In July, I summarized patterns I saw in documents obtained by EPIC from the Department of Education. The documents were the Family Policy Compliance Office (FPCO)’s responses to complaints by students and parents alleging FERPA violations.
Since then, EPIC has received additional interim batches of responses to their freedom of information request. They write:
EPIC has obtained new documents from the Department of Education detailing parent and student complaints about the misuse of education records. The Department released the documents in response to an EPIC Freedom of Information Act request. EPIC is expecting to receive more documents about the agency’s enforcement of the Family Educational Rights and Privacy Act. Other documents that EPIC has uncovered reveal that schools and districts have disclosed students’ personal records without consent, possibly in violation of the federal student privacy law. The documents also reveal that the Department failed to investigate many FERPA complaints. For more information, see EPIC: Department of Education’s FERPA Enforcement, EPIC: Student Privacy, and EPIC: Open Government.
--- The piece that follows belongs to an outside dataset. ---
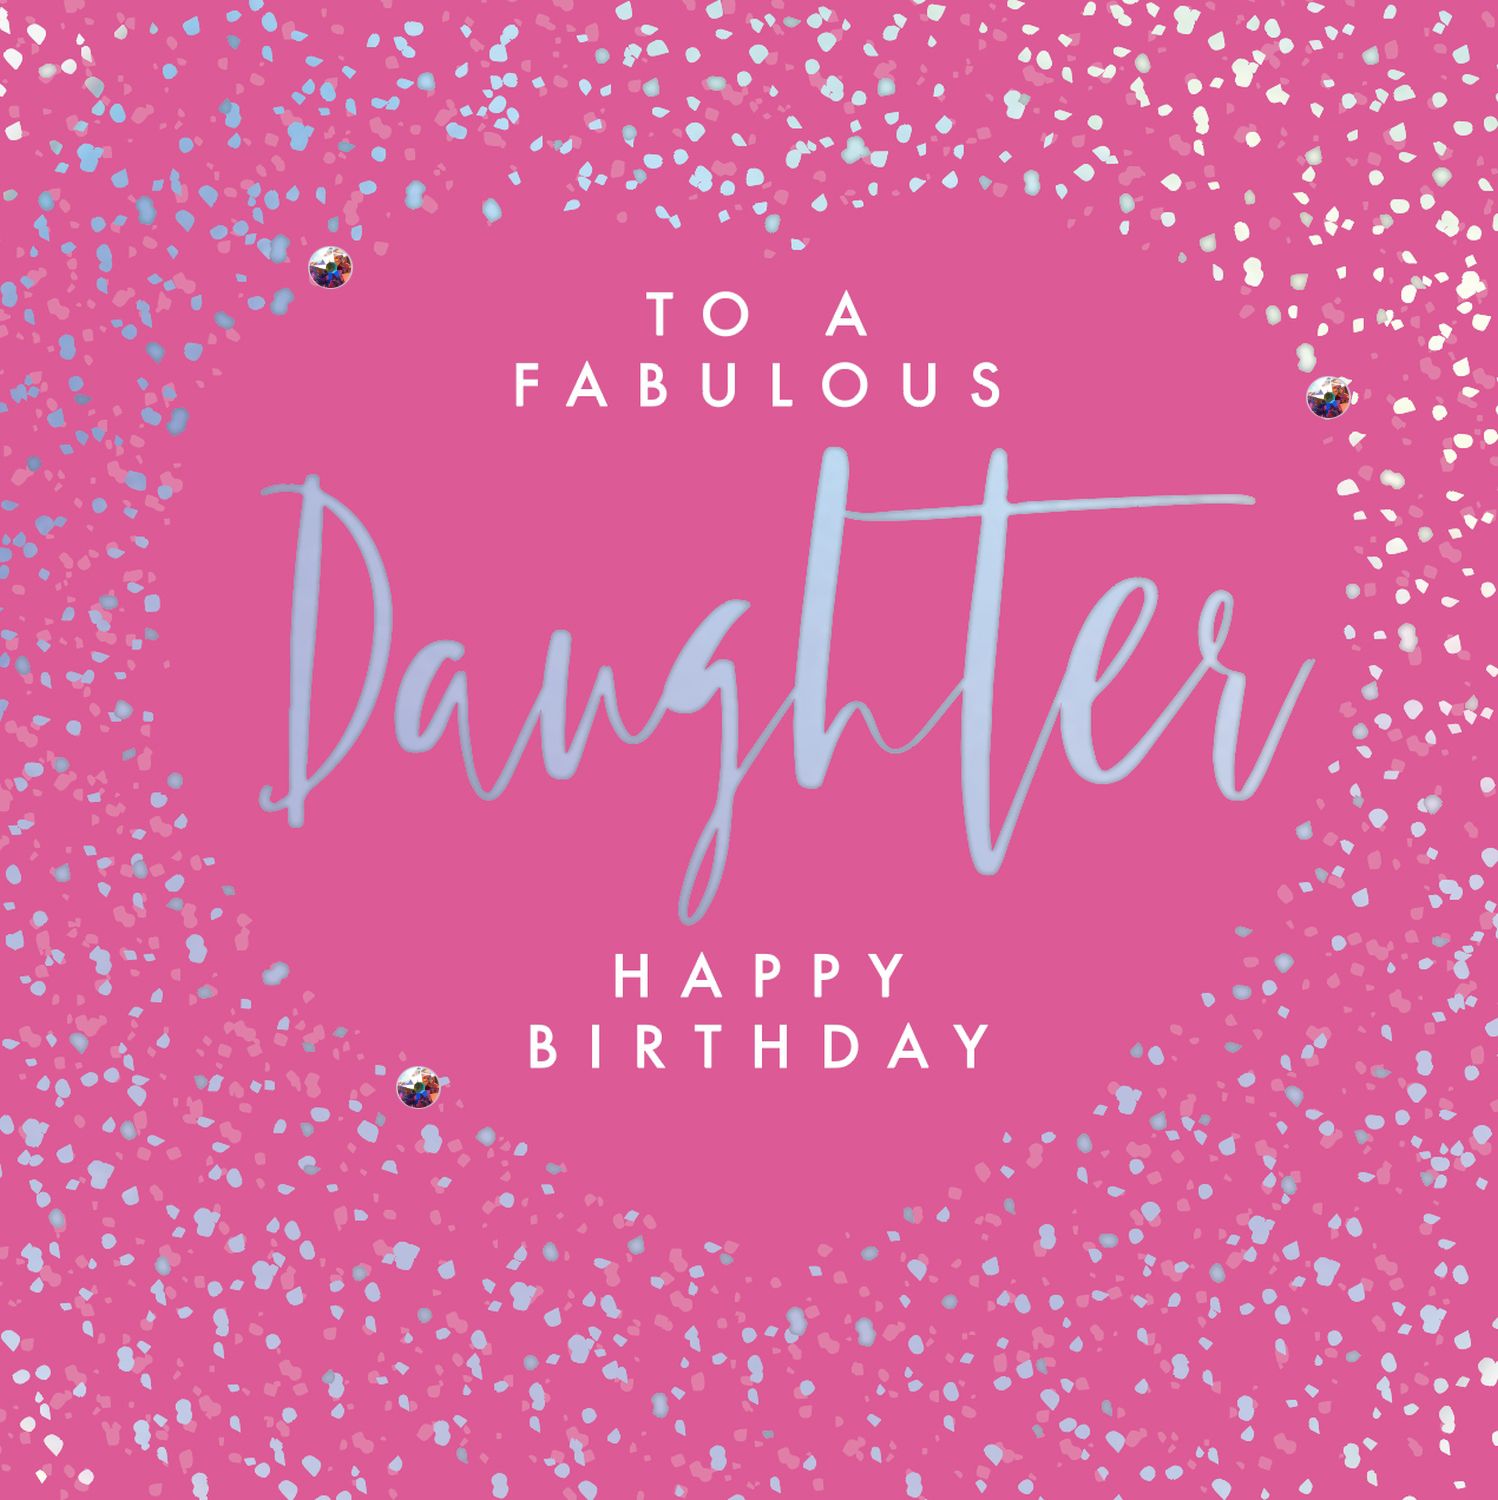 daughter-cards-greetings-from-friends-pinterest-daughters
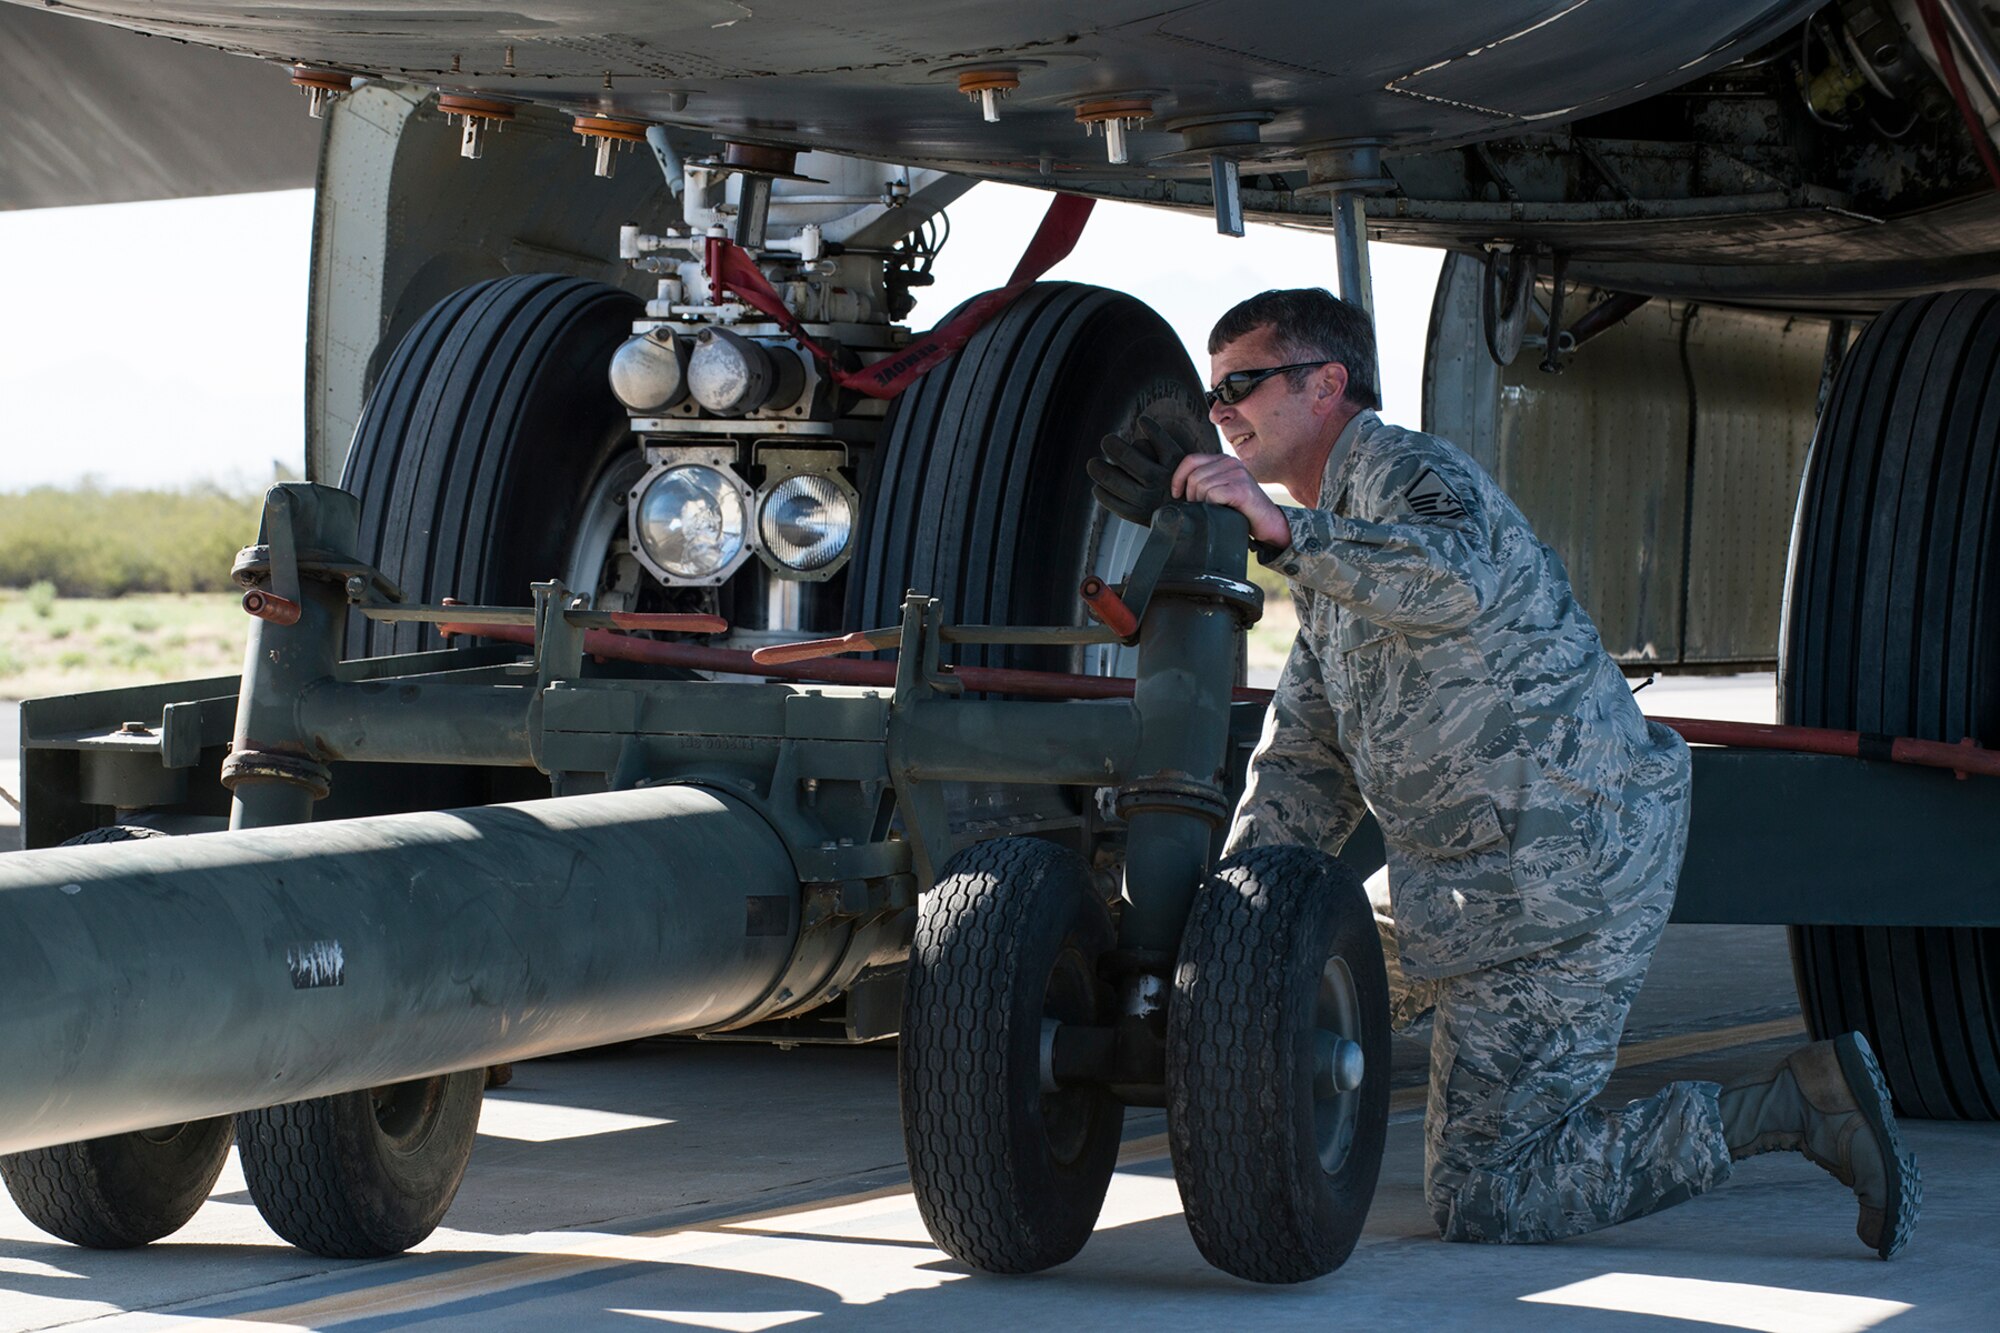 U.S. Air Force Master Sgt. Steve Vance, 307th Aircraft Maintenance Squadron crew chief, disconnects a tow bar from a B-52H Stratofortress after towing it to a parking spot on the flight line at Davis-Monthan (DM) Air Force Base, Ariz., Feb. 11, 2015. The aircraft was decommissioned in 2008 and sent to the "Boneyard" at the 309th Aerospace Maintenance and Regeneration Group at DM, but is now being restored and is expected to return to active service in 2016. (U.S. Air Force photo by Master Sgt. Greg Steele/Released)

I did a quick skim of the newer documents, and it appears to be more of the same type of thing I described in July: FPCO declining to even open investigations of almost all of the complaints because the complainants allegedly either misunderstood FERPA or had not provided enough facts to convince FPCO that there was a violation to investigate, or because the complaint was not timely.
I’ll continue reading – and analyzing – the responses, and I anticipate EPIC will provide their own detailed analysis once all records are received.
In the meantime, if you care about student privacy, reading these files can lead to only one conclusions FERPA needs to be significantly strengthened or re-written from the ground up, because the only thing missing from FPCO’s boilerplate denials was to say “In this best of all possible worlds, everything is for the best.”